Single by Nancy Sinatra
- B-side: "Put Your Head on My Shoulder"
- Released: 1963
- Genre: Pop
- Length: 2:38
- Label: Reprise
- Songwriter: Meredith Willson
- Producer: Tutti Camarata

Nancy Sinatra singles chronology
| "You Can Have Any Boy" | "I See the Moon" | "The Cruel War" |

= I See the Moon =

1953 song

"I See the Moon (Over the Mountain)" is a popular song, written by Meredith Willson in 1953.

==Recordings==
The Mariners, in the United States, and The Stargazers, in the United Kingdom, had the best-known versions. The Stargazers' recording, released on the Decca Records label, reached number one in the UK Singles Chart in 1954. In taking "I See the Moon" to number one, the Stargazers became the first act in British chart history to reach number one with their first two records to reach the chart. Several singles released in the interim failed to chart. The Stargazers' recording was produced by Dick Rowe, one of eight of his UK chart topping successes in that role. The single sold over 300,000 copies.

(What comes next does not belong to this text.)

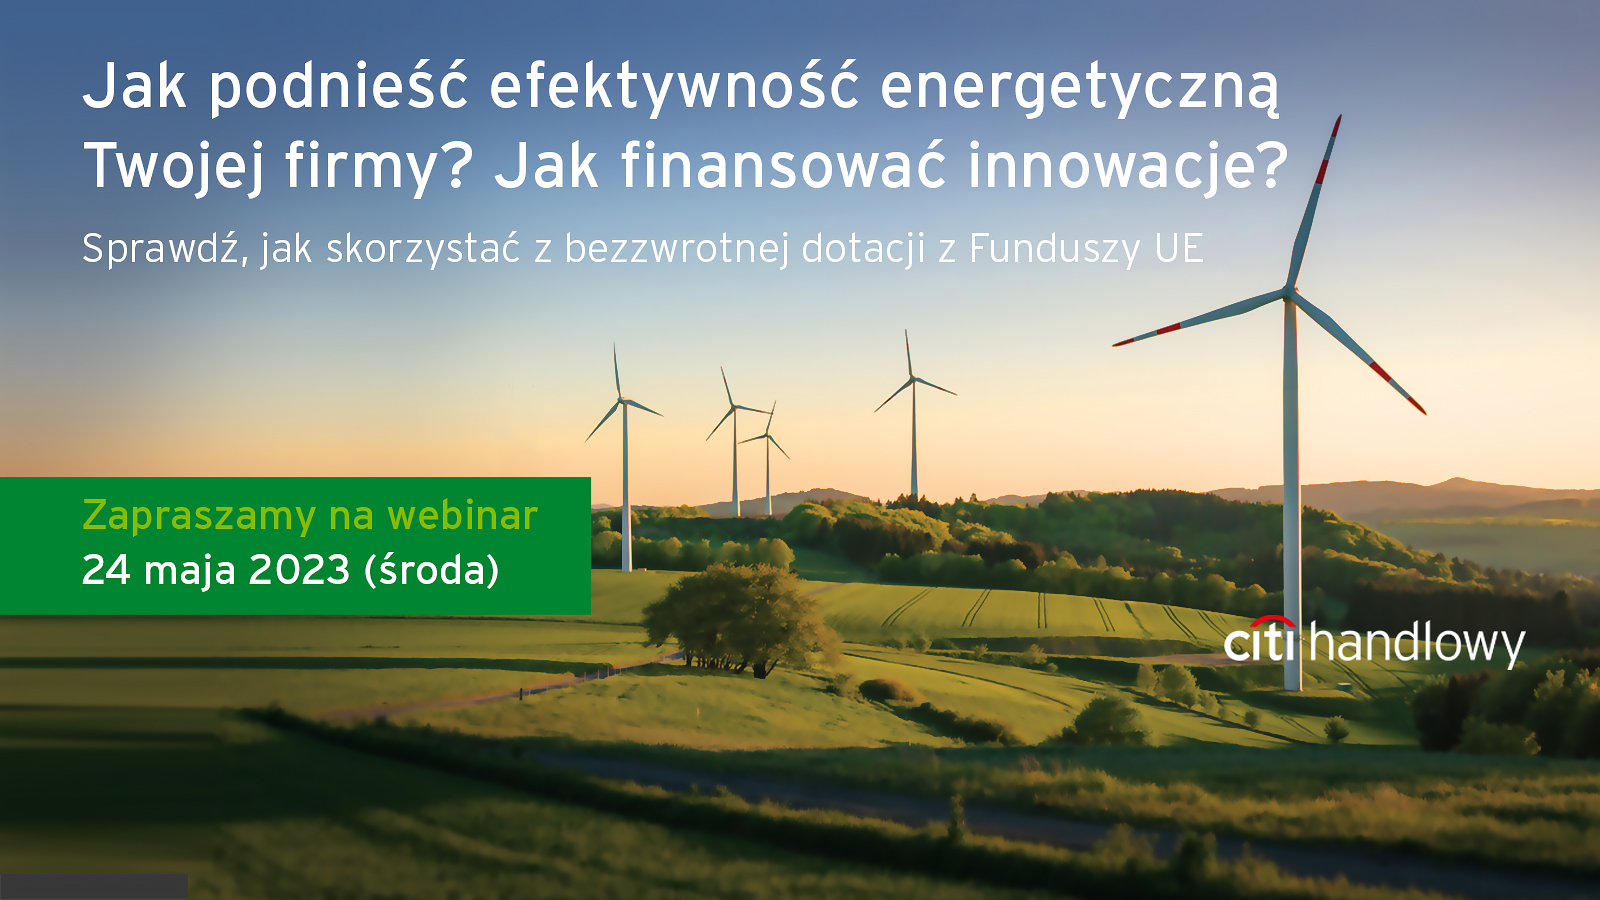 Jak podnieść efektywność energetyczną Twojej firmy? Jak finansować innowacje? Sprawdź, jak skorzystać z dotacji z funduszy UE. Zapraszamy na webinar z ekspertami Citi Handlowy – 24 maja

The Mariners' version, released in 1953 on Columbia Records, reached number 14 in the United States.

A recording by Don Cameron with Morton Fraser's Harmonica Band was made in London on February 17, 1954. It was released by EMI on the His Master's Voice label as catalog number B 10675.

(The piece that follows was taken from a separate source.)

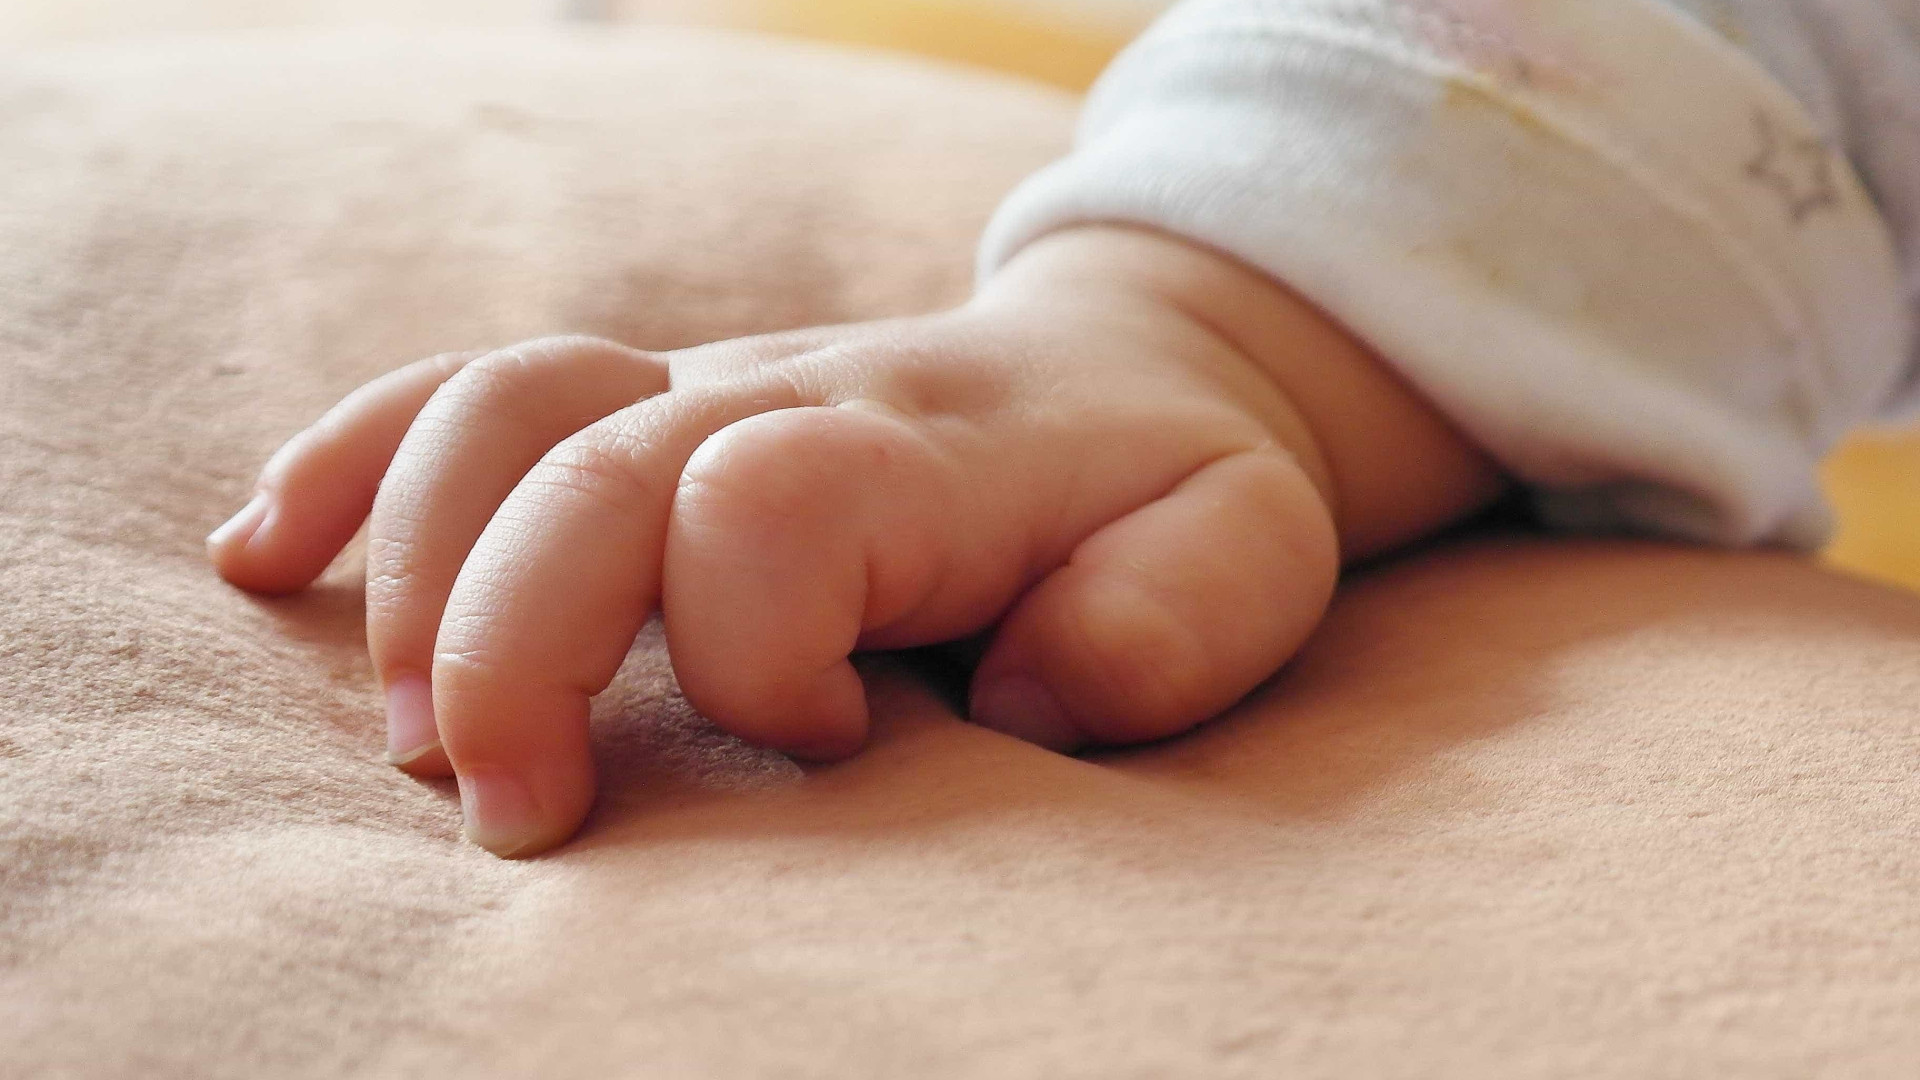 Criança tinha seis meses de idade (Foto: Ilustração / Pixabay)

Nancy Sinatra released a version on Reprise Records in 1963.

==Television adaptation==
In 1997, the English actress Phoebe Nicholls (as May Thrace) performed the song with piano accompaniment in an adaptation for television of Ruth Rendell's mystery, May and June. It was described as her character's childhood favourite.

==Nursery rhyme==
There is a nursery rhyme with the same title. It was first collected and recorded in print by Joseph Ritson, an English literary antiquary. It matches a couplet that appears in English as early as 1784 in a work entitled Gammer Gurton's Garland, or, The Nursery Parnassus:
I see the moon, and the moon sees me,
God bless the moon, and God bless me!